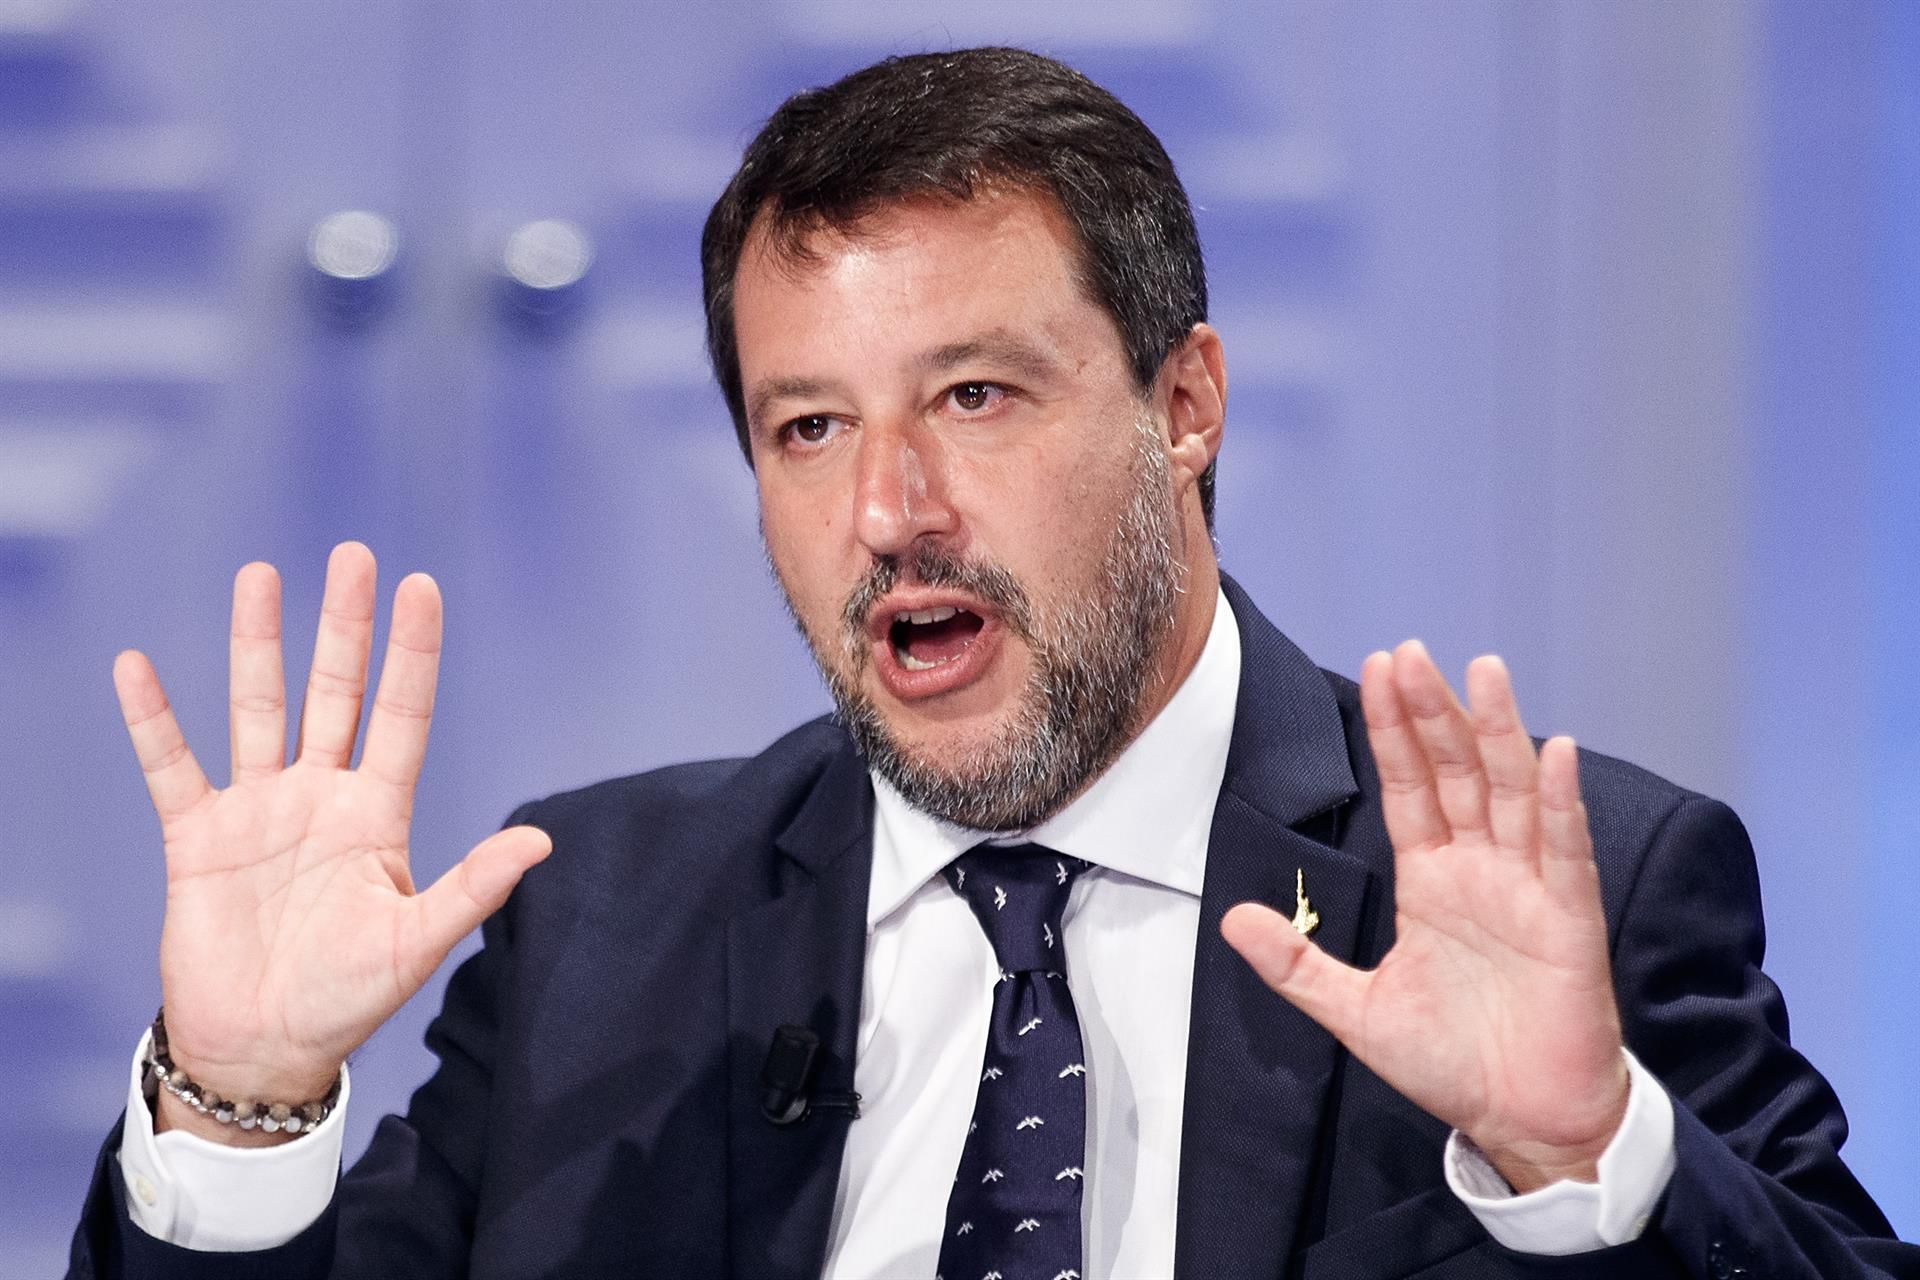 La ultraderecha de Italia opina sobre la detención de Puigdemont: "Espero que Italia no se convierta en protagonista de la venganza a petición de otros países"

********

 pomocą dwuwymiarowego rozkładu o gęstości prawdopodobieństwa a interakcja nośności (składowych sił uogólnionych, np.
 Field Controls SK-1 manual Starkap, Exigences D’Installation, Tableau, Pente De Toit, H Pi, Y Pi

********

What needs to be done: Looking back over the data above, restate word for word the lines that begin at the line with "pomocą dwuwymiarowego rozkładu" and end at the line with "Field Controls SK-1", inclusive.

Problem solution:
 pomocą dwuwymiarowego rozkładu o gęstości prawdopodobieństwa a interakcja nośności (składowych sił uogólnionych, np.
 Field Controls SK-1 manual Starkap, Exigences D’Installation, Tableau, Pente De Toit, H Pi, Y Pi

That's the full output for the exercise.